It is also important to Maori that their concepts, values and traditions are not reinterpreted through a eurocentric "filter" system. For example there is already some evidence of this happening by the various interpretations being given to the term "kaitiakitanga" under the Resource Management Act. There are local authorities and others who assert that they now exercise kaitiakitanga in relation to natural resources.
These concepts and philosophies are the last cultural capital belonging to Maori which they hold very dear. Much has already been expropriated. This explains the extreme reluctance on the part of many Maori kaumatua and kuia to publicly share knowledge that has been handed down to them from their tupuna. Witnesses before the Waitangi Tribunal have talked of the many rituals and wananga that must be gone through to ensure that knowledge is passed on to the right person and in the right manner. They regard this knowledge as very tapu. But equally they appreciate the importance of sharing this knowledge in order that a greater understanding and recognition of that knowledge can be attained by those in positions of making decisions about their lives. But this must be done in accordance with their own kawa or customs and with their prior informed consent.

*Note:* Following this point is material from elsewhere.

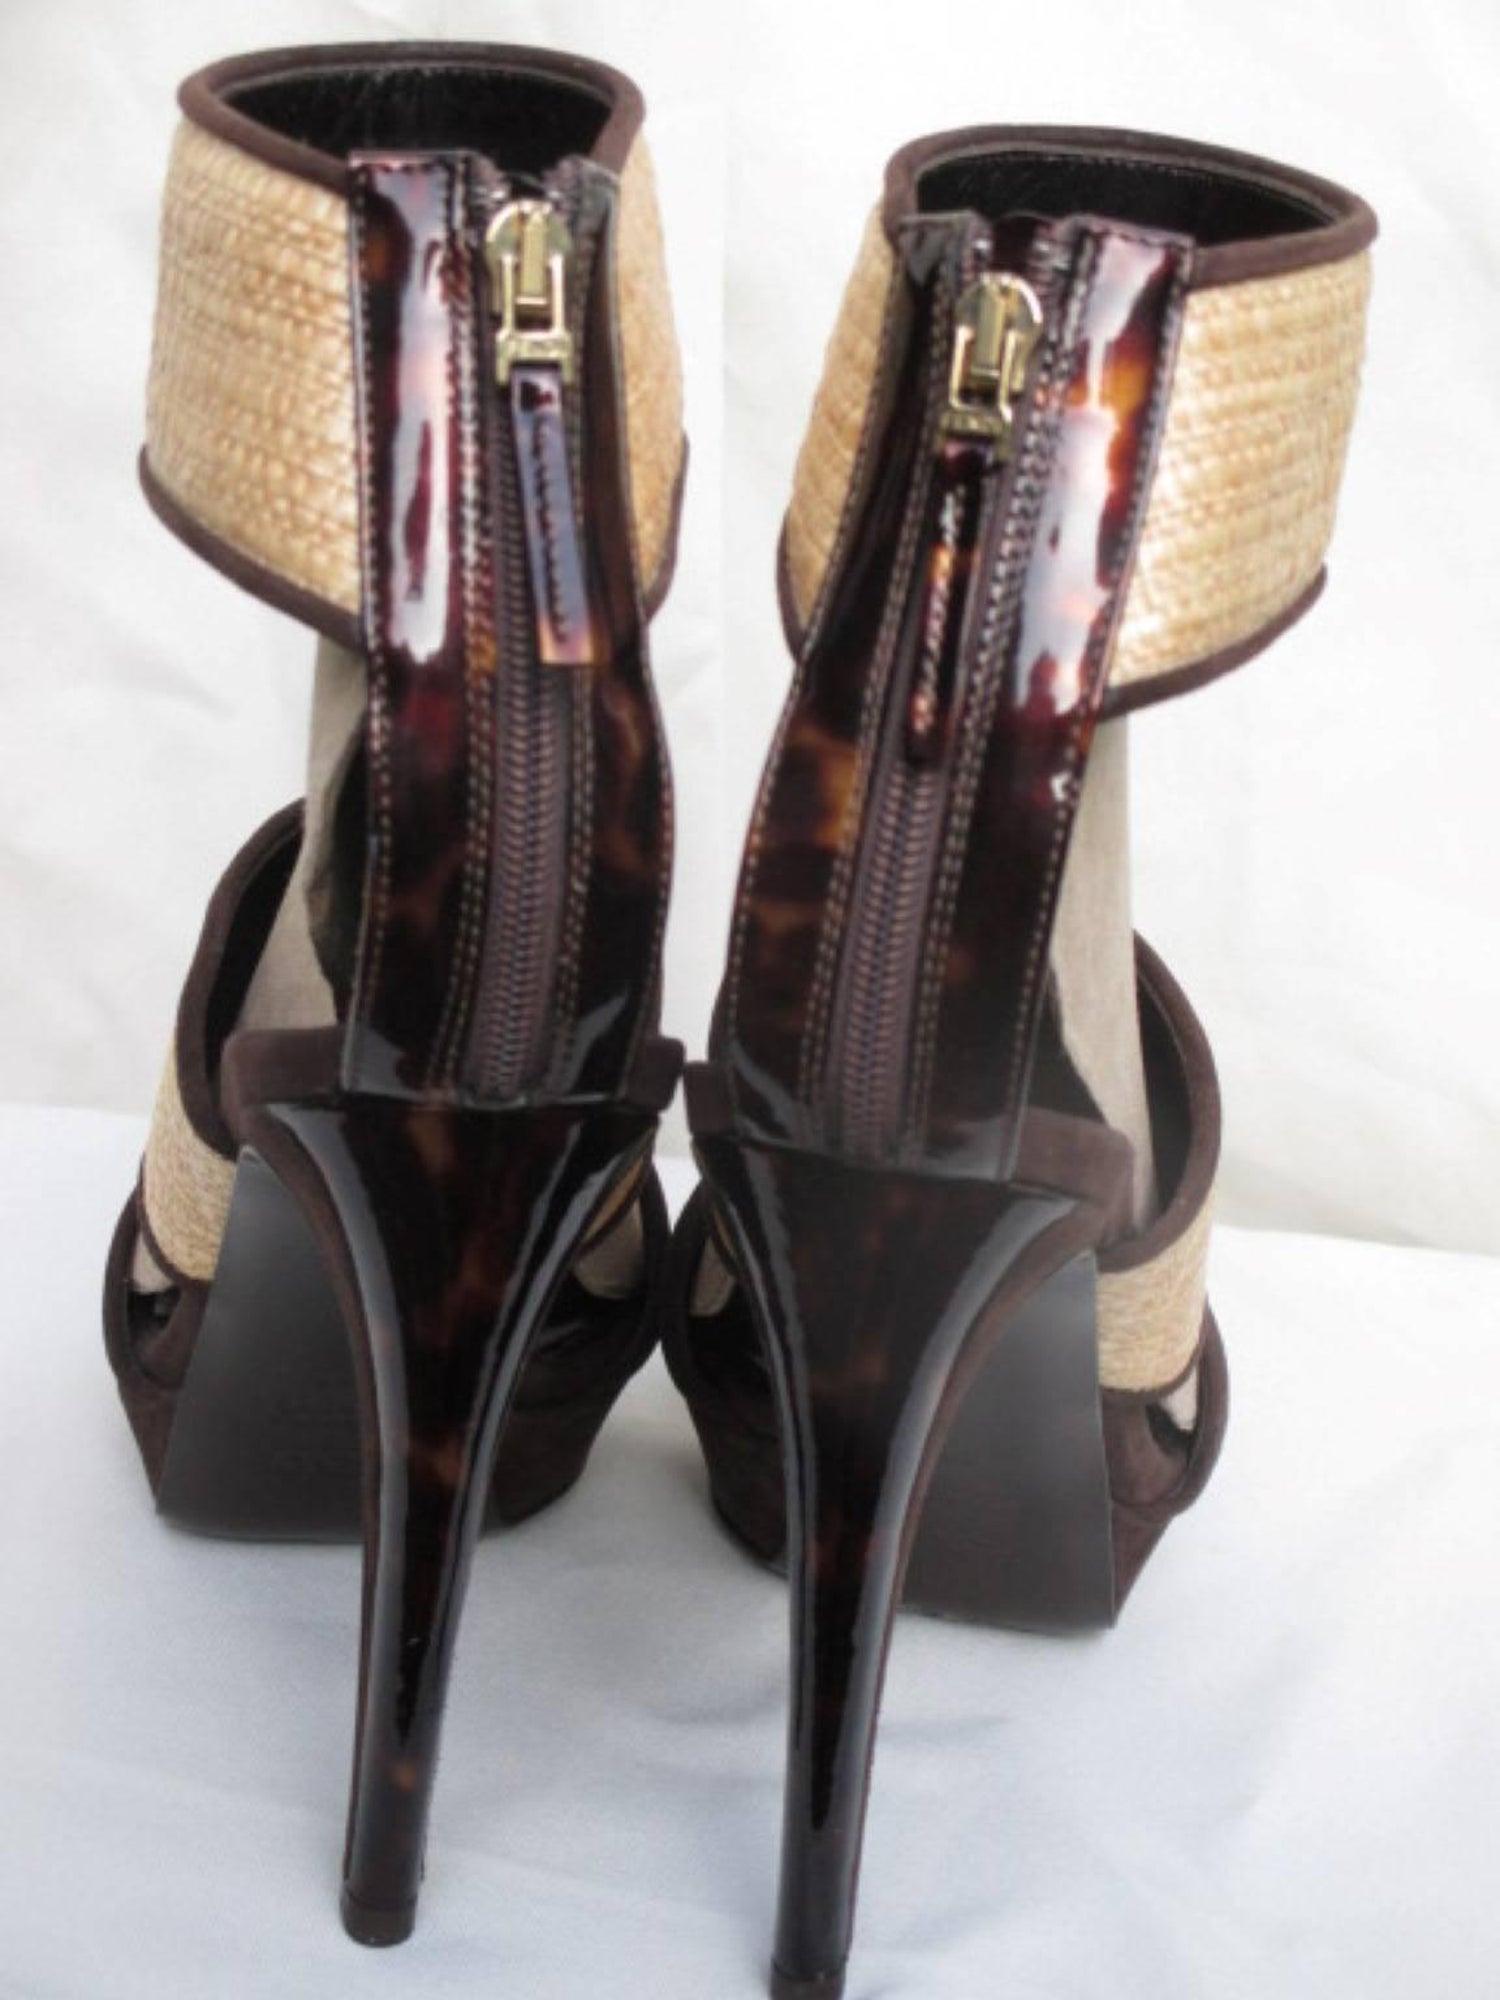 985fb560beb fendi Brown suede leather and wicker high heels

Indigenous lawyer Moana Jackson has said:
"Perhaps the most fundamental intellectual property right possessed by an indigenous people is the right to define what their intellectual property right is: the right to determine the extent and meaning of the body of knowledge which shapes and is in turn shaped by, their cultural heritage. "For centuries Maori people exercised the power to define what their taonga were, and to decide what knowledge (or expressions and symbols of knowledge) were deemed worthy of transmission and protection. Such knowledge covered all areas of life, from science to spirituality, from medicine to music, from history to handcrafts, from astronomy to art, from the biodiversity of plants to the beauty of birds. "It was a holistic body of knowledge expressed in tikanga that enabled Maori to describe their place in the world and to articulate a safe and specific sense of being. It was a property constantly defined and evaluated by the people themselves within their cultural context. It was in essence the expanding sum of the peoples knowledge and the complex philosophies which determined both its discovery and its use. "The power to define this intellectual property was a cultural act which enabled iwi to decide what knowledge was important either spiritually, culturally or economically..."[1]

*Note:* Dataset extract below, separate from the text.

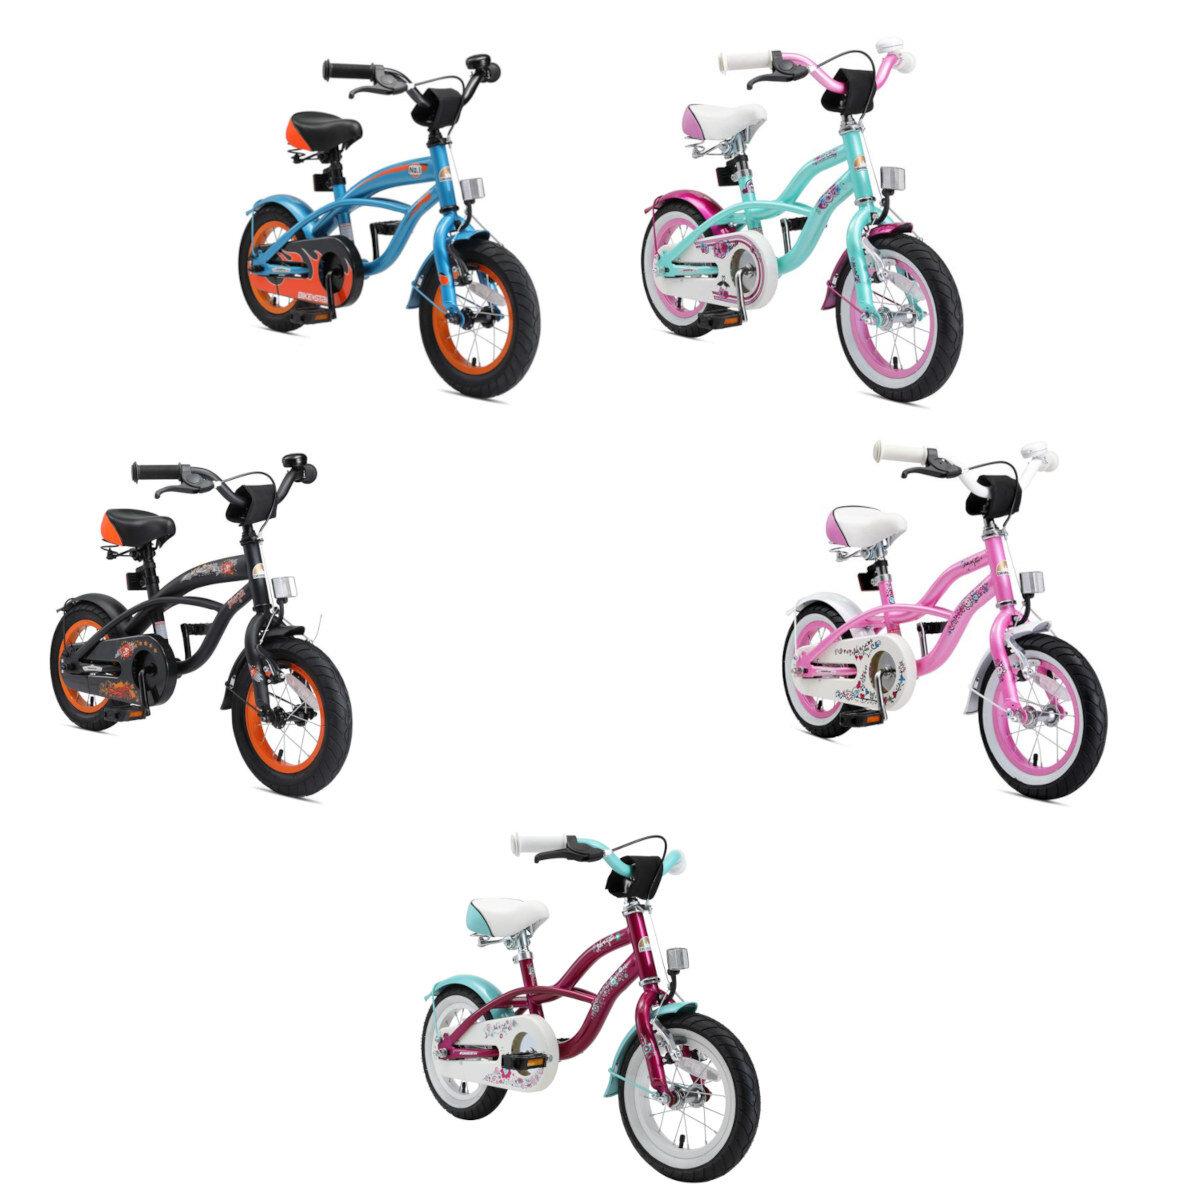 Star Trademarks Kinderfahrrad Bikestar 12 Zoll - Deluxe Cruiser

An Indigenous Perspective of Intellectual Property Rights

The term "intellectual property rights" (IPR) is itself perhaps inappropriate for describing what it is that Maori seek to have recognised and protected. As noted above IPR are associated with private property rights which are usually the result of individual or corporate effort and have elements of novelty and inventiveness. By contrast, indigenous rights are communal in nature and have been passed down over many hundreds, if not thousands of years. These rights are connected in a continuum from the deities of creation to the ancestors and down to the present day generations.

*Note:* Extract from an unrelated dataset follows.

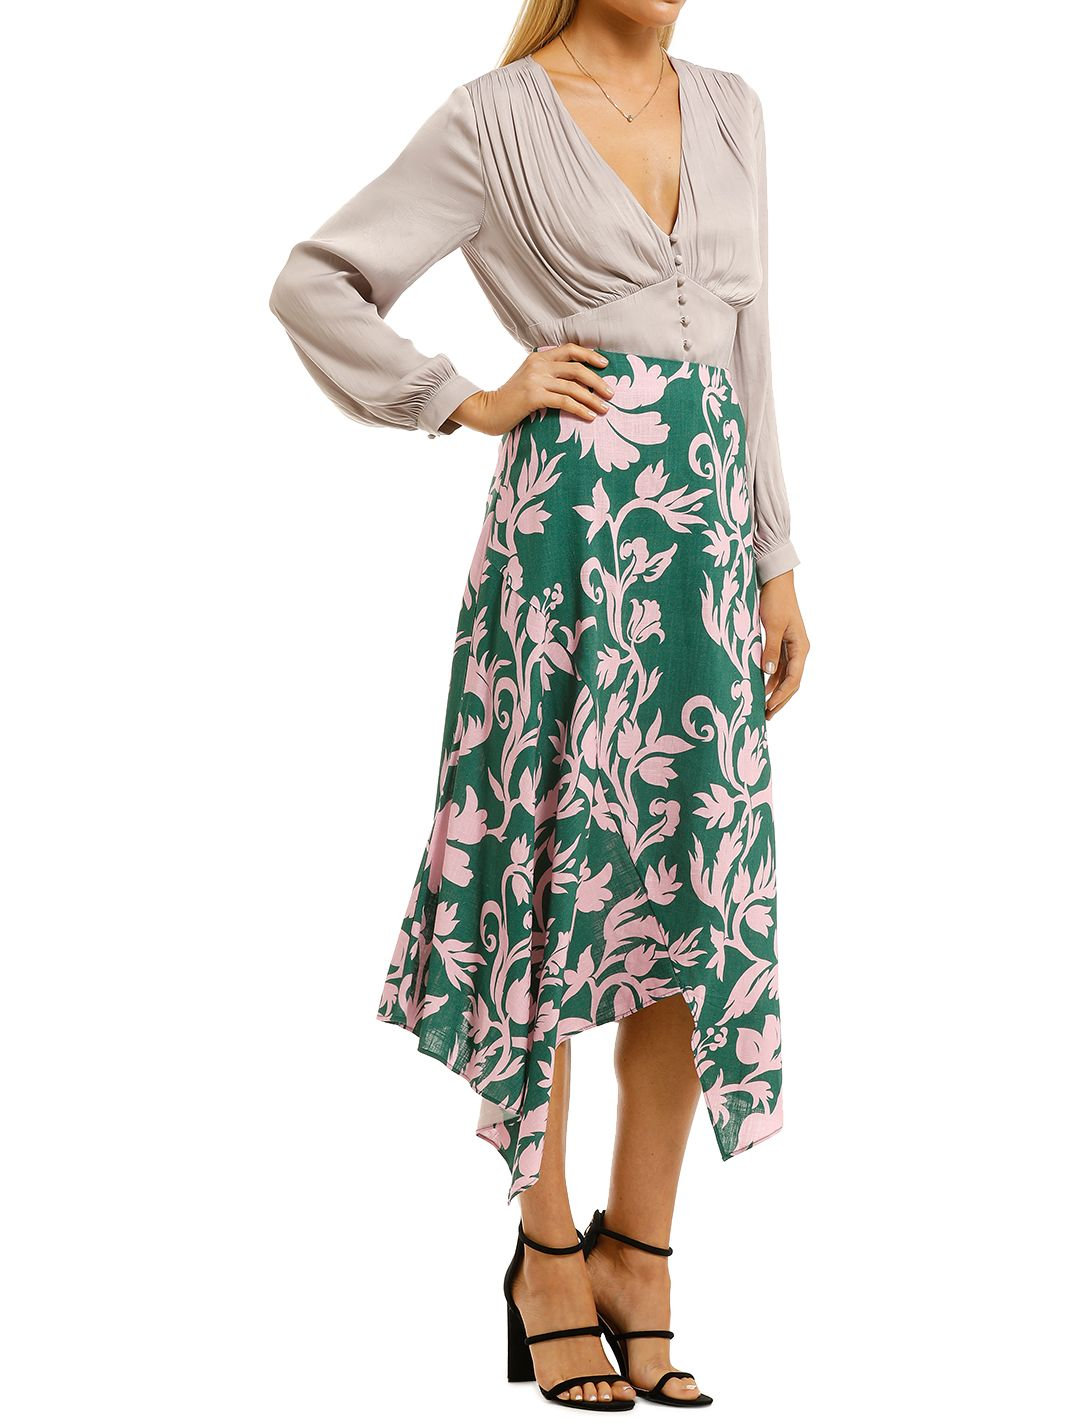 Keepsake-the-Label-Wistful-Skirt-Jade-Baroque-Side

As noted by Madame Erica-Irene Daes (Special Rapporteur of the SubCommission on Prevention of Discrimination and Protection of Minorities)[2]
"...Indigenous Peoples do not view their heritage in terms of property at all - that is something that has an owner and is used for the purpose of extracting economic benefits - but in terms of community....for Indigenous Peoples heritage is a bundle of relationships, rather than a bundle of economic rights. The "object" has no meaning outside of the relationship, whether it is a physical object such as a sacred site or ceremonial tool, or an intangible such as a song or a story. To sell it is necessarily to bring the relationship to an end."[3]

One international authority on indigenous rights (Dr Darrell Posey), has co-authored a text seeking to overcome this definitional problem by dropping the term "property" in IPR, preferring instead the term 'traditional resource rights'.[4] "Traditional" refers to cherished practices, beliefs, customs, knowledge and cultural heritage of indigenous and local communities who live in close association with the earth; "resource" is used in its broader sense to mean all knowledge and technology, esoteric and spiritual qualities, tangible and intangible sources that, together, are deemed by local communities to be necessary to ensure healthy and fulfilling lifestyles for present and future generations; and "rights" refers to the basic inalienable guarantee to all human beings and the collective entities in which they participate to achieve and maintain the dignity and well-being of themselves, their predecessors, and their descendants.
Another author, Tony Simpson refers to the term "indigenous, cultural and intellectual property" as an "oxymoron".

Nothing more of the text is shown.